■ Brief
In the data below, restate exactly the lines from the one with "Banana tree with paradisiaca flower" to the final line, both included, but not the pictures.

■ Data extract
━━━━━━━━

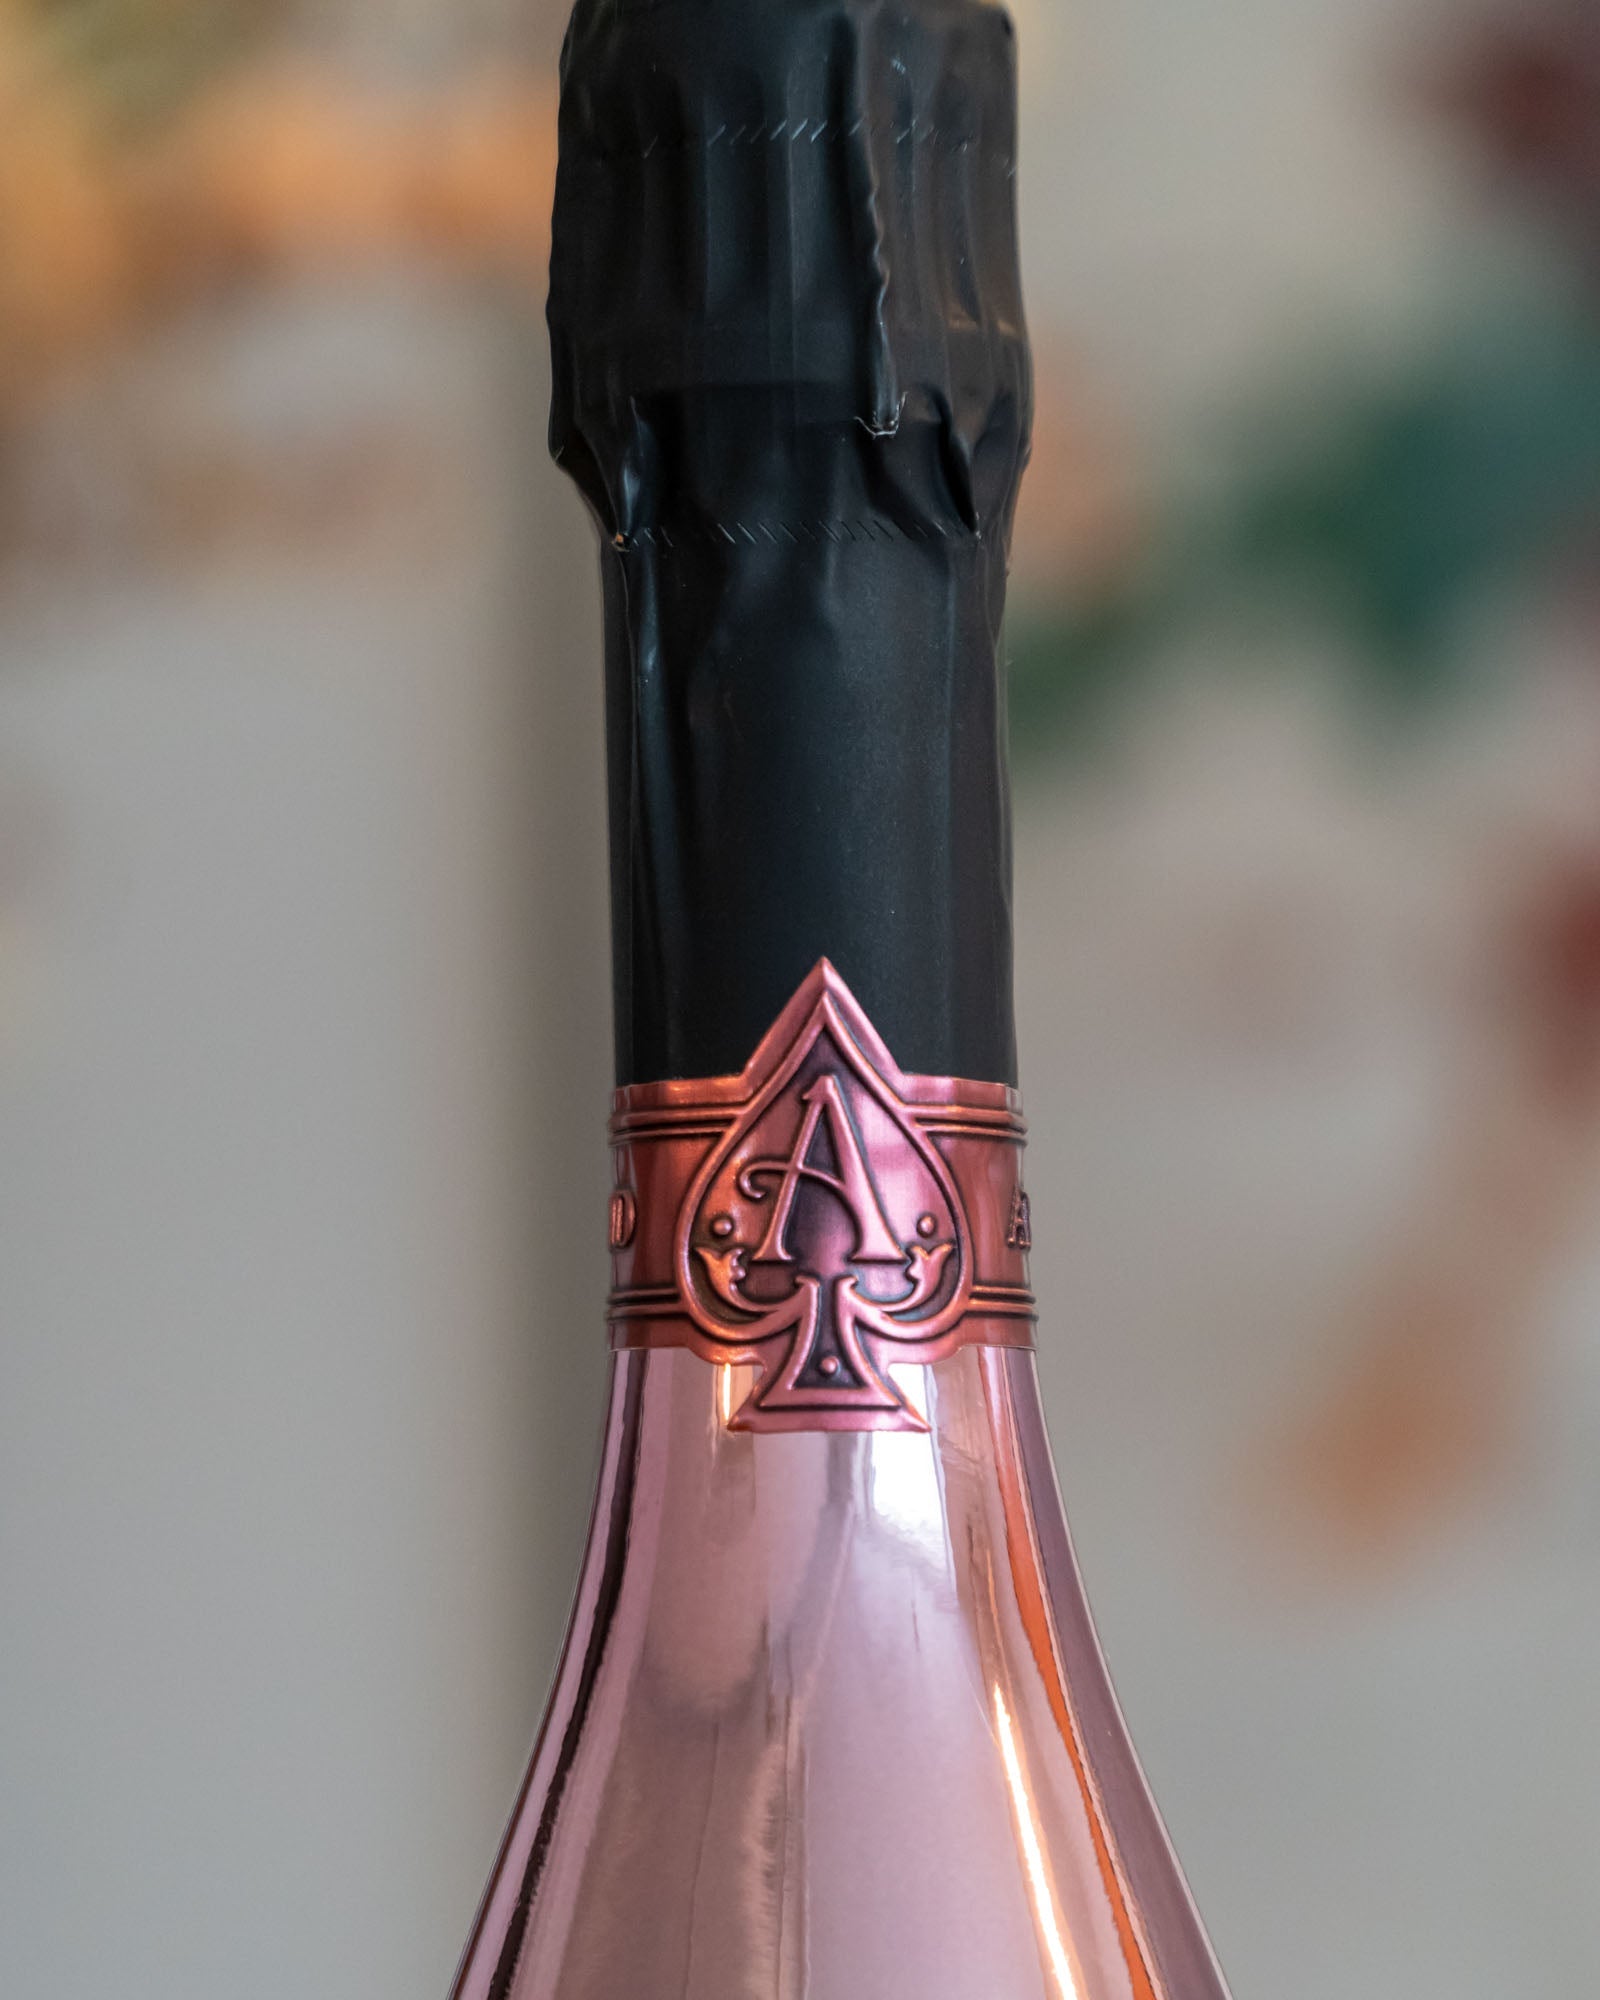 rose ace of spades bottle
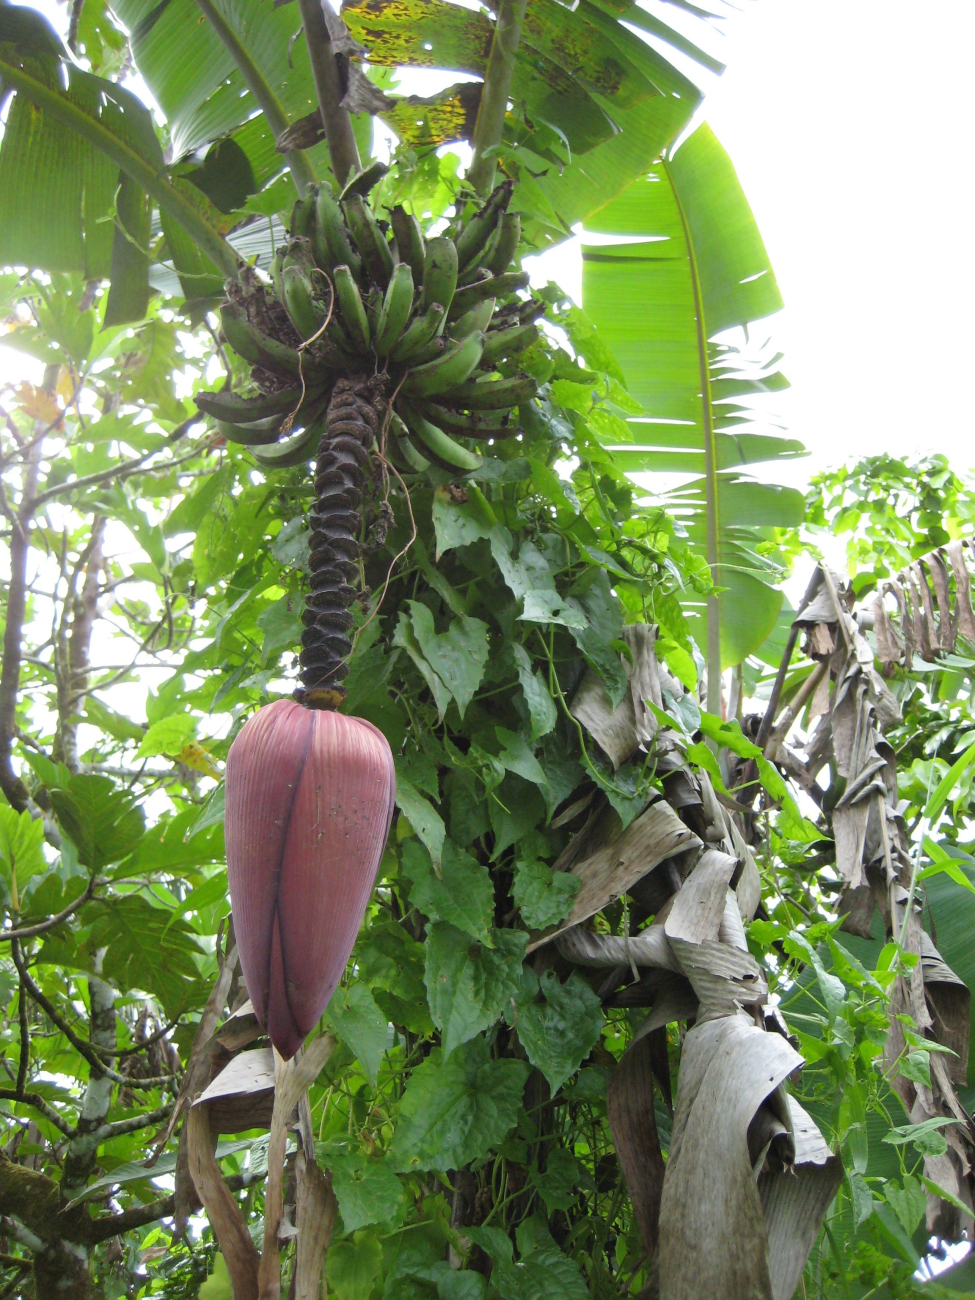 Banana tree with paradisiaca flower
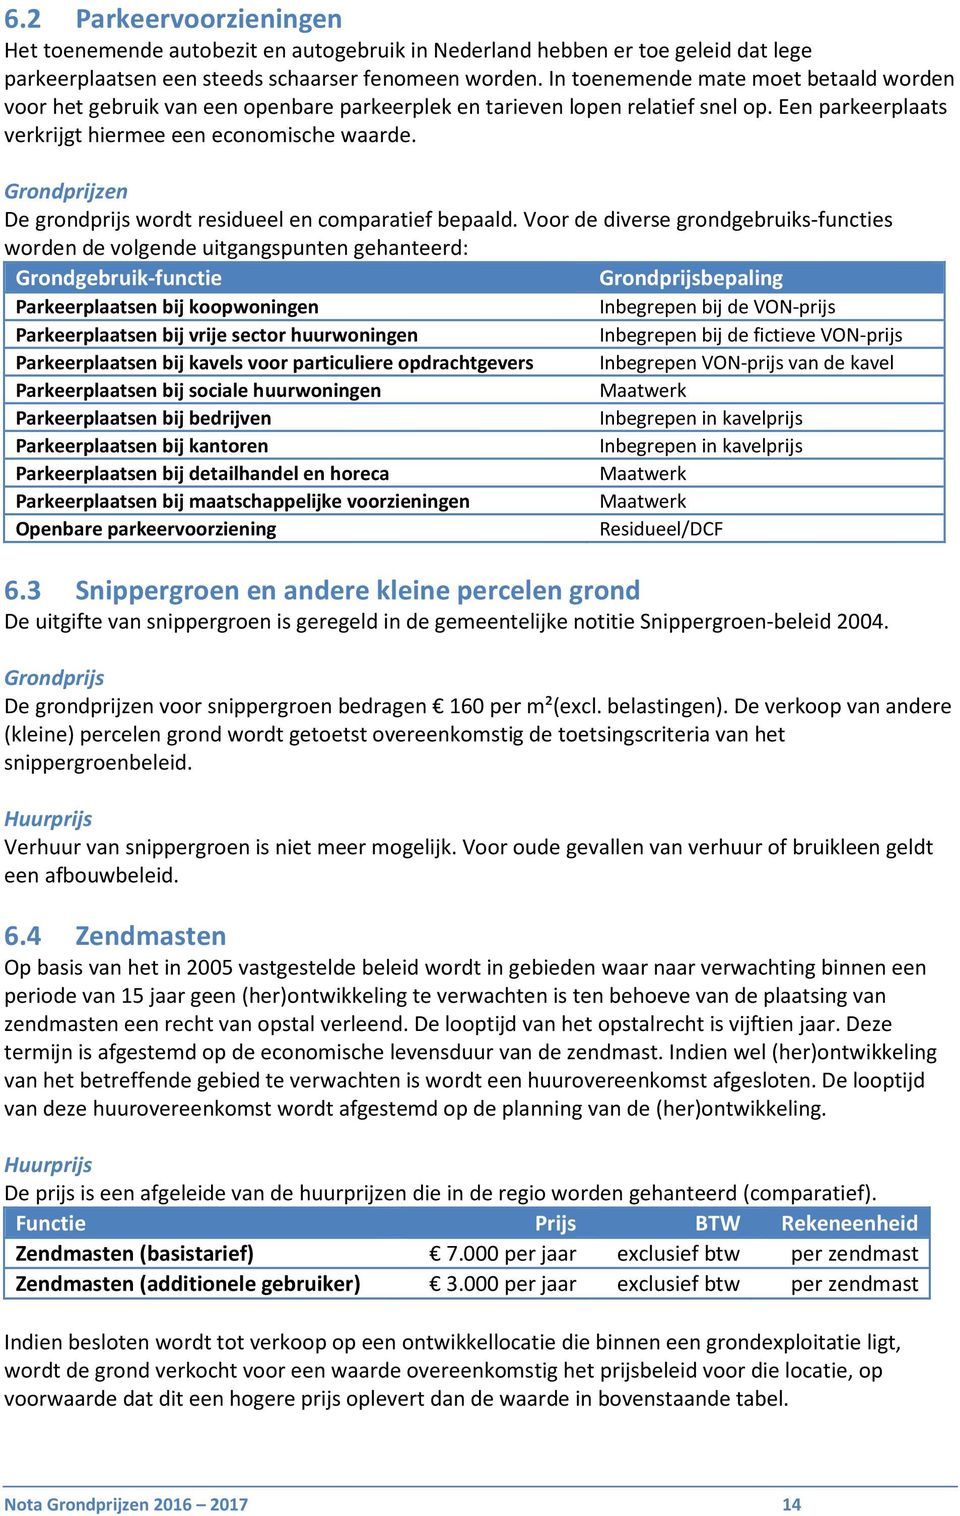 Grondprijzen De grondprijs wordt residueel en comparatief bepaald.

━━━━━━━━

■ Final answer
 Banana tree with paradisiaca flower
 Grondprijzen De grondprijs wordt residueel en comparatief bepaald.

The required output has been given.